The grass is always greener!
I suspect that if you remain calm, continue to let her know you love her and she is welcome anytime then she will be back pretty quickly.
Wouldn't be surprised if her Dad is not sending her back once he's worked out what actually parenting her involves!
Not quite sure I follow his logic as far as the legal situation goes. Surely as the parent who has cared for her all these years you have more rights not less. Just because he has seen less of her over the years doesn't mean he can suddenly 'make up' for that lost time by keeping her against your wishes.
Don't let him take her stuff. Hopefully she will work out who really values her.

zzzzz Mon 28-Oct-13 15:03:49

Pack a suitcase for her. Her things stay in her bedroom for when she comes home. If she needs anything else (ie girly roomy stuff). He will have to buy it for her for his house. Presumably she has things at his anyway?

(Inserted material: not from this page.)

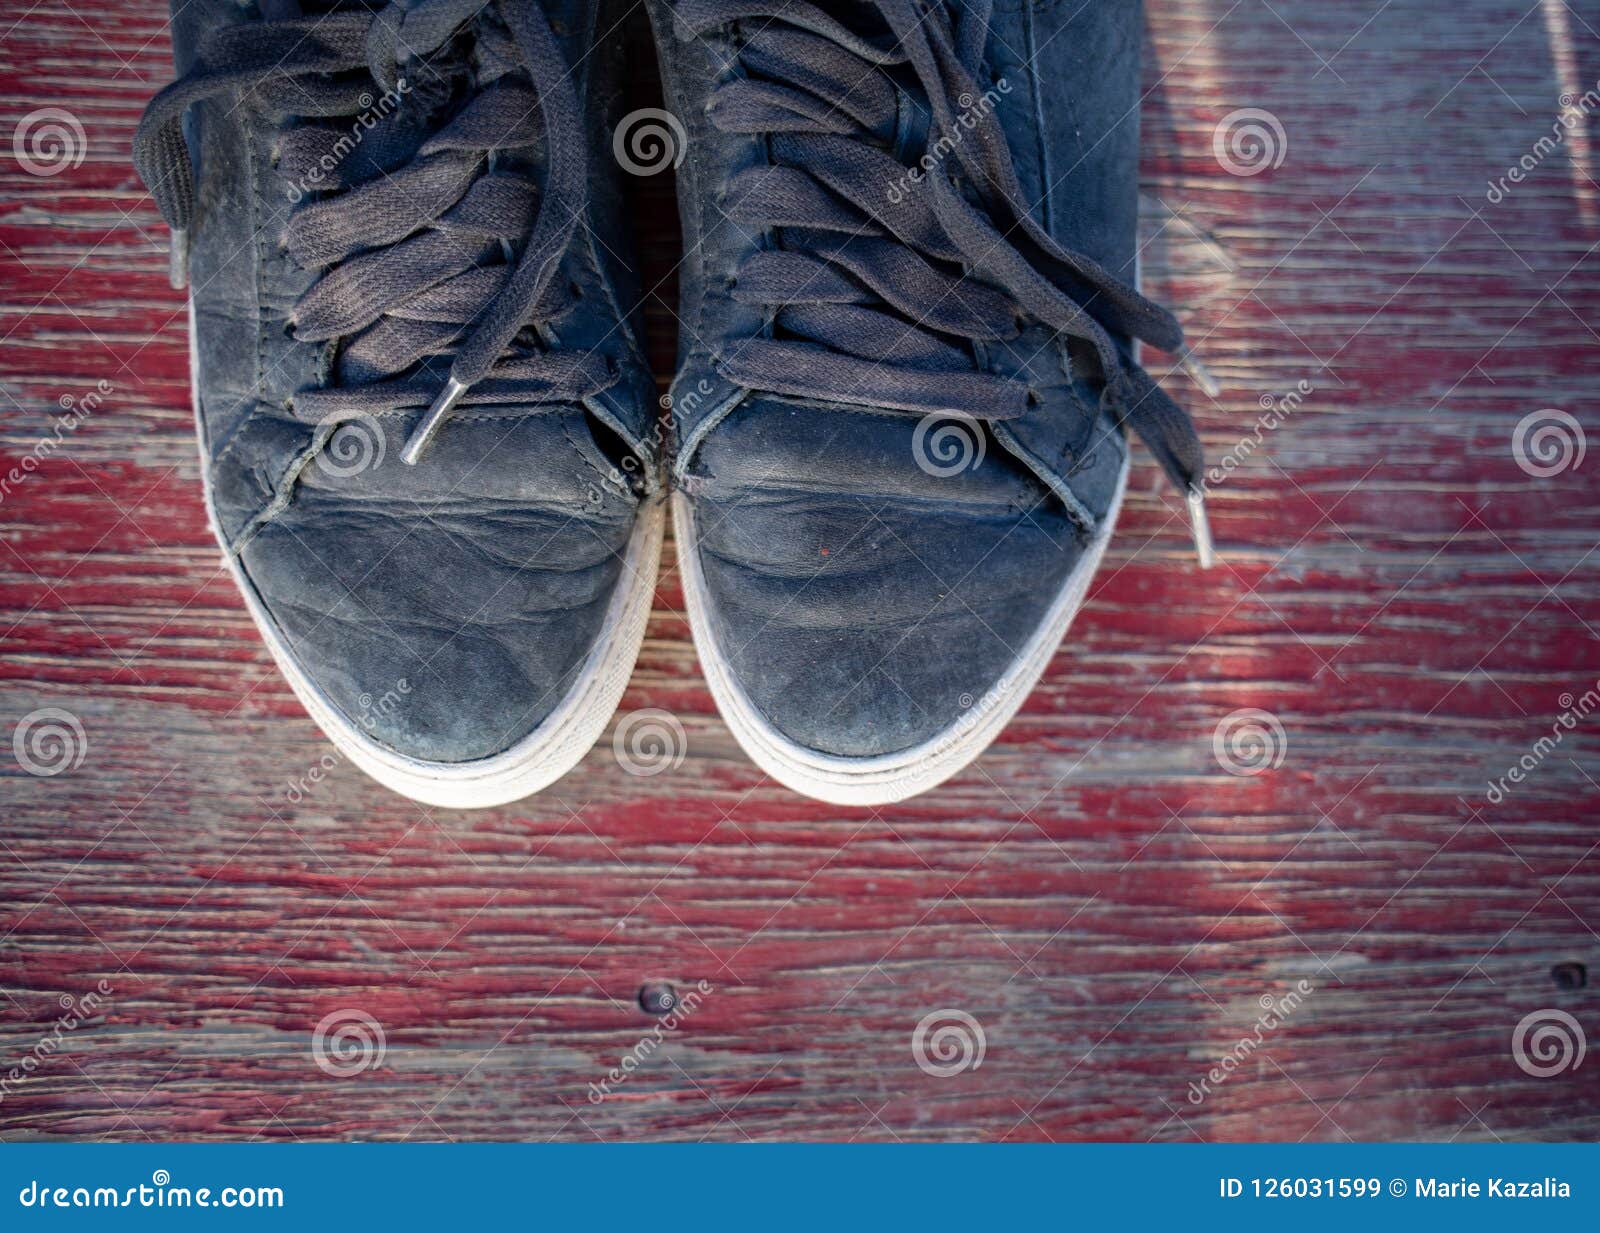 Worn Tennis Shoes and White Socks in Early Morning Sunlight after ...

As far as getting her to come back. Tell her you miss her and she can come home whenever she wants. Give her time.

BaconFrazzles Mon 28-Oct-13 15:25:11

Thank you everyone!

I've contacted her dad and said she can have a bag full of essentials and to let me know what things she would like me to pack.

I think I'll let her get on with it for a few days, as suggested. Hopefully she will contact me at some point, but I wouldn't be surprised if her father totally poisons her against me.

Branleuse Mon 28-Oct-13 15:28:09

dont give her things to him.

You bought them. If he wants to have her, he can start afresh

bubblebabeuk Mon 28-Oct-13 15:34:13

Following this as my exh and dd 14 keep threatenng the same.

BaconFrazzles Mon 28-Oct-13 19:39:01

It gets worse!

I spoke to my mum this evening, who always undermines me with my kids anyway and never takes my side about anything, and basically DD and my ex have got in there first with her and phoned her today. My mum offered me no support and was just 'Awww poor DD' and seemed to think we are in the wrong for having any boundaries and rules. She always sided with my ex when he was abusing me so looks like this is no different.

CoconutRing Mon 28-Oct-13 19:41:28

Ignore her.

CatelynStark Mon 28-Oct-13 19:46:09

This happened to a friend of mine. She was out of her mind with grief and worry but her child came home after their birthday went unnoticed by the ex. I'm sure your DD will want to come back soon.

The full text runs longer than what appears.